CS35L Assignment 6. Multithreaded performance

$30.00

Category: You will Instantly receive a download link for .zip solution file upon Payment || To Order Original Work Click Custom Order?

Description

5/5 - (1 vote)

Laboratory

Ordinarily when processes run in Linux, each gets its own virtual processor. For
example, when you run the command:
tr -cs ‘A-Za-z’ ‘[\n*]’ | sort -u | comm -23 – words
there are three processes, one each for tr, sort, and comm. Each process has its
own virtual memory, and processes can communicate to each other only via
system calls such as read and write.

This lab focuses on a different way to gain performance: multithreading. In this
approach, a process can have more than one thread of execution. Each thread has
its own instruction pointer, registers and stack, so that each thread can be
executing a different function and the functions’ local variables are accessed only
by that thread. However, threads can directly access shared memory, and can
communicate results to each other efficiently via the shared memory, so long as
they take care not to step on each others’ toes.

Synchronization is the Achilles’ heel of multithreading, in that it’s easy to write
buggy programs that have race conditions, where one thread is reading from an
area that another thread is simultaneously writing to, and therefore reads
inconsistent data (a polite term for “garbage”). This lab does not attack that
problem: you will use a prebuilt application that should not have internal race
conditions, and you will write an application that is embarrassingly parallel, so that
there’s no need for subthreads to synchronize with each other.

Lab

Starting with coreutils 8.6, released 2010-10-15, GNU sort can use multiple
threads to improve performance. This improvement to GNU sort was contributed
by UCLA students as part of Computer Science 130, the undergraduate software
engineering course. This improvement is in the current version of
GNU sort installed as /usr/local/cs/bin/sort in the SEASnet GNU/Linux servers.
Run the command sort –version to make sure you’re using a new-enough version.
Investigate how well the multithreaded sort works, by measuring its performance.

First, generate a file containing 10,000,000 random single-precision floating point
numbers, in textual form, one per line with no white space.
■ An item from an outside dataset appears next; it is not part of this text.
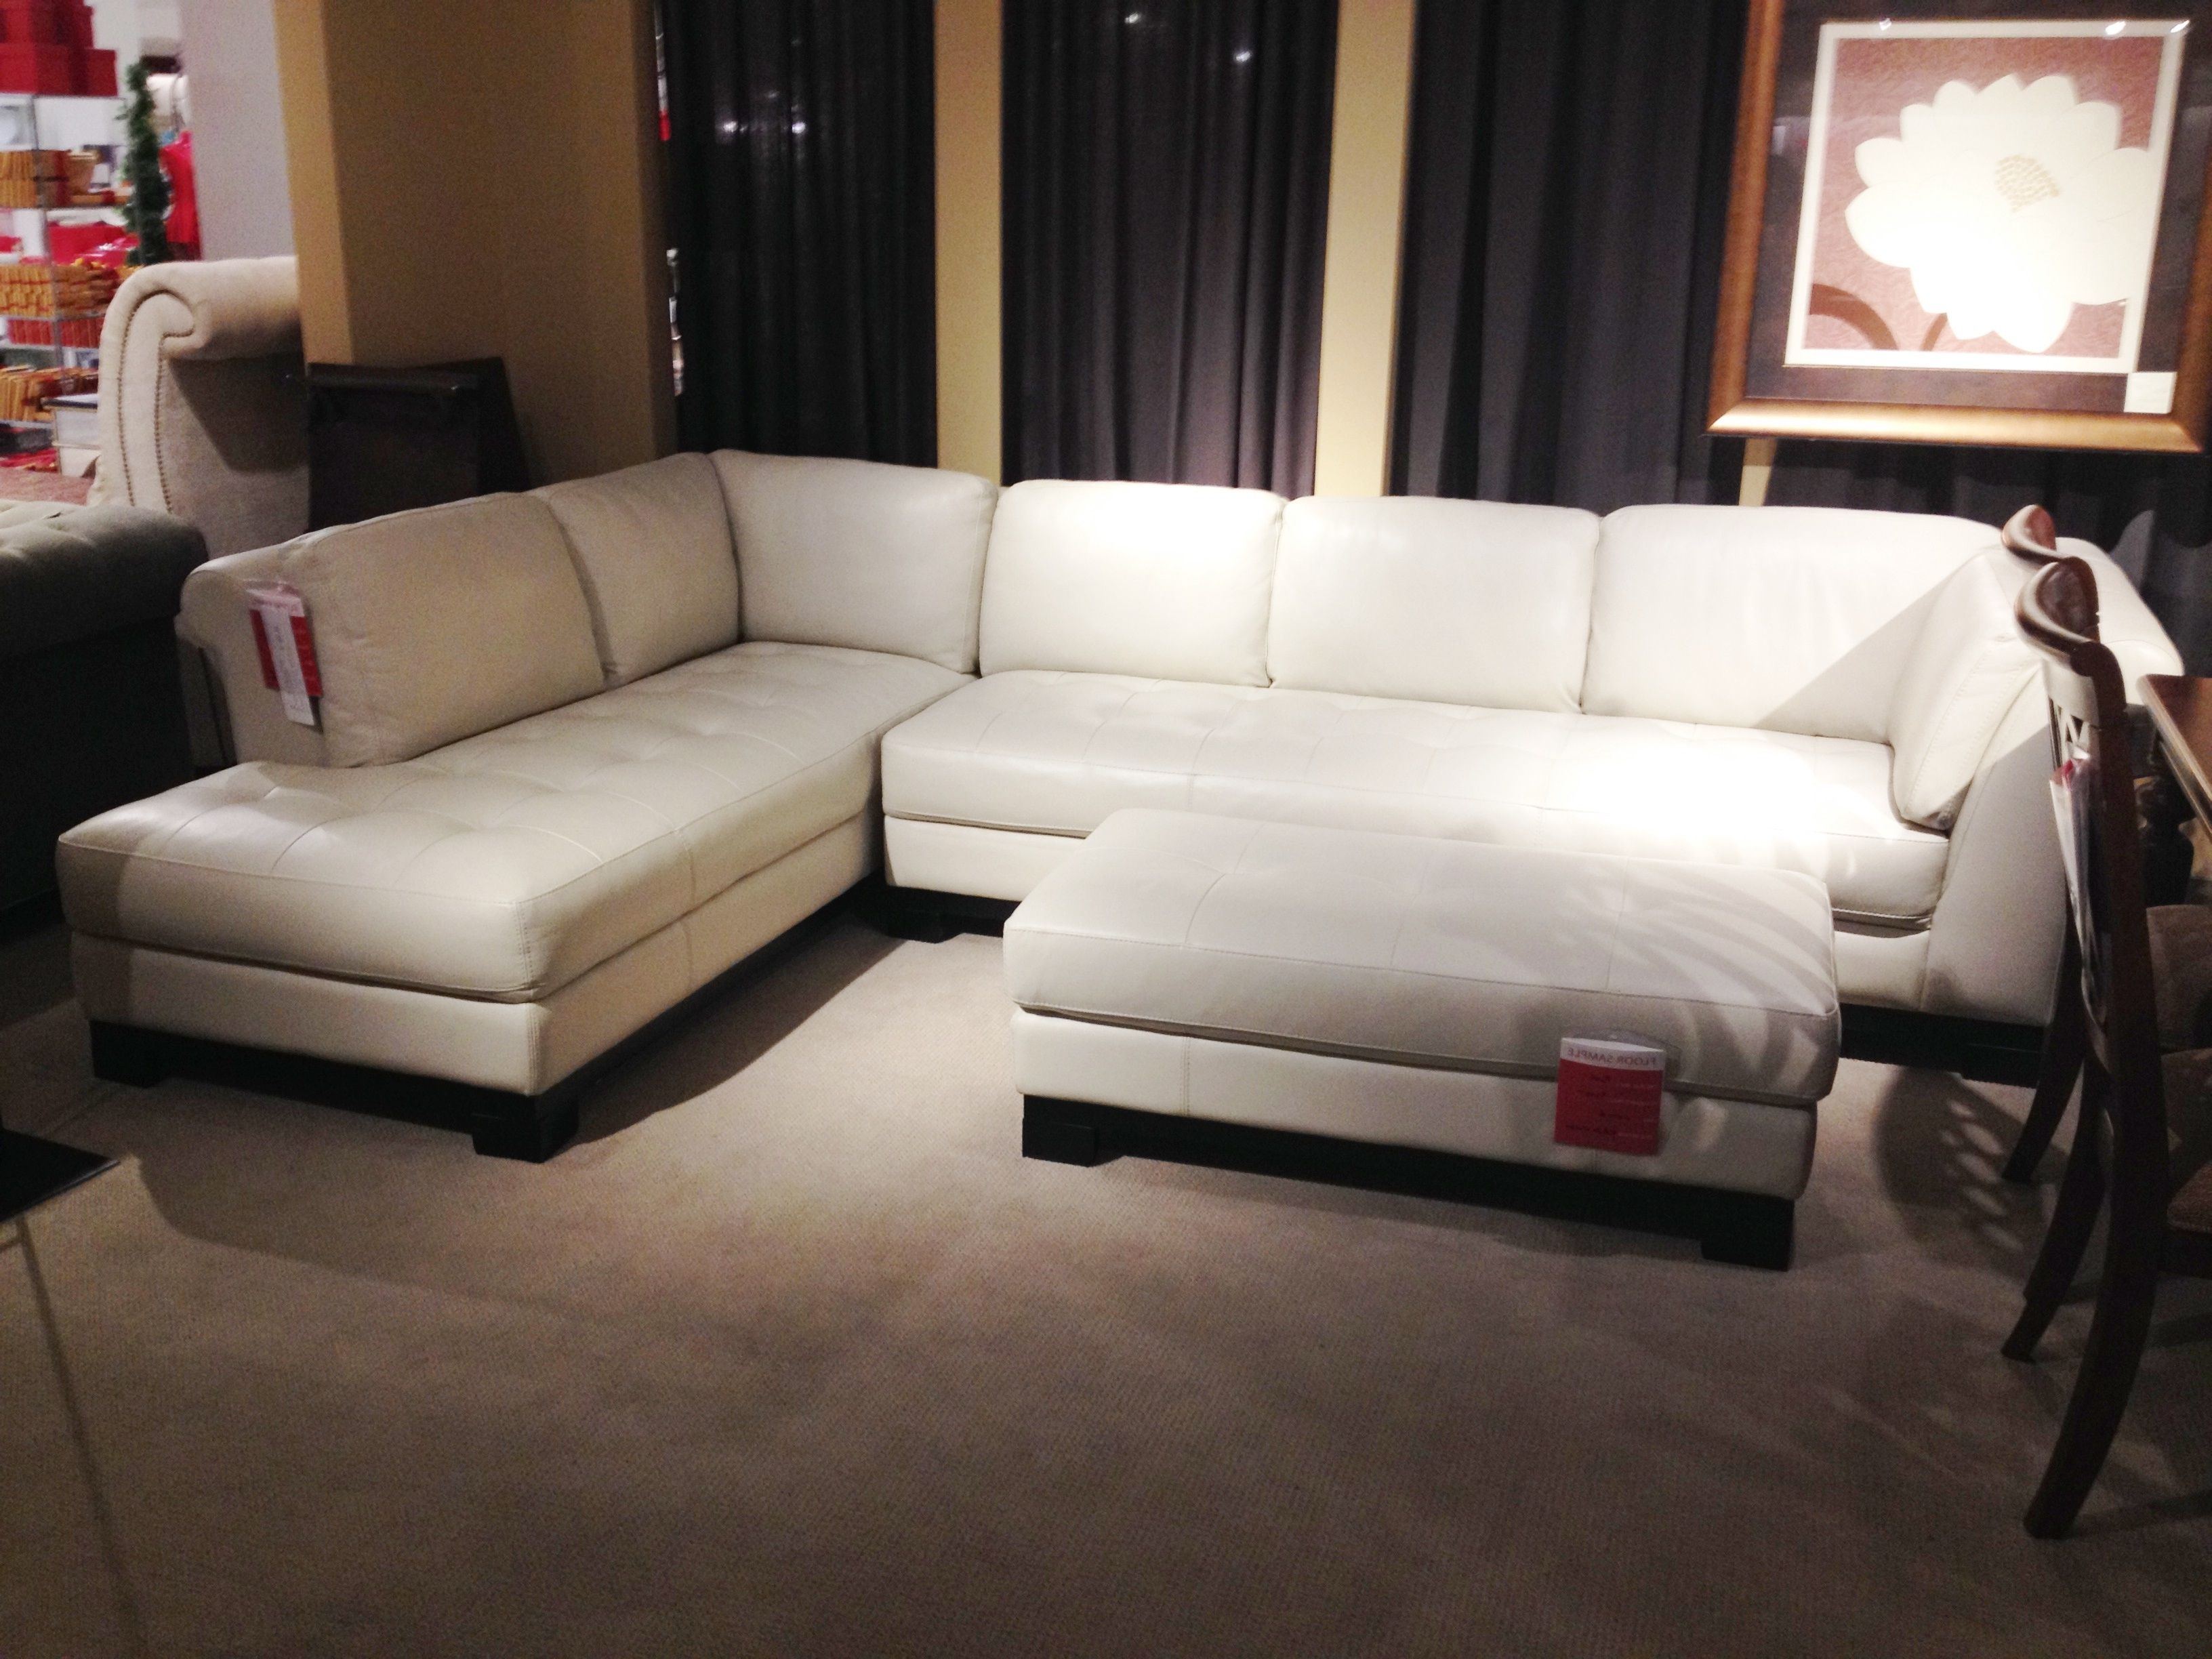 Fashionable Value City Sectional Sofa With Regard To Elegant Living Ideas For Value City Sectional Sofas (View 4 of 15)

Do this by running the
the odcommand with standard input taken from /dev/urandom, interpreting the
bytes read from standard input as single-precision floating point numbers. (Almost
certainly you will occasionally get NaNs, but that’s OK; just leave them in there.)

Process the output of od using standard tools such as sed and tr so that each
floating-point number is on a separate line, without any white space.

Once you have your test data, perhaps in a pipe or perhaps in a file, use time -p to
time the command sort -g on that data, with the output sent to /dev/null. Do not
time od or any of the rest of your test harness; time just sortitself.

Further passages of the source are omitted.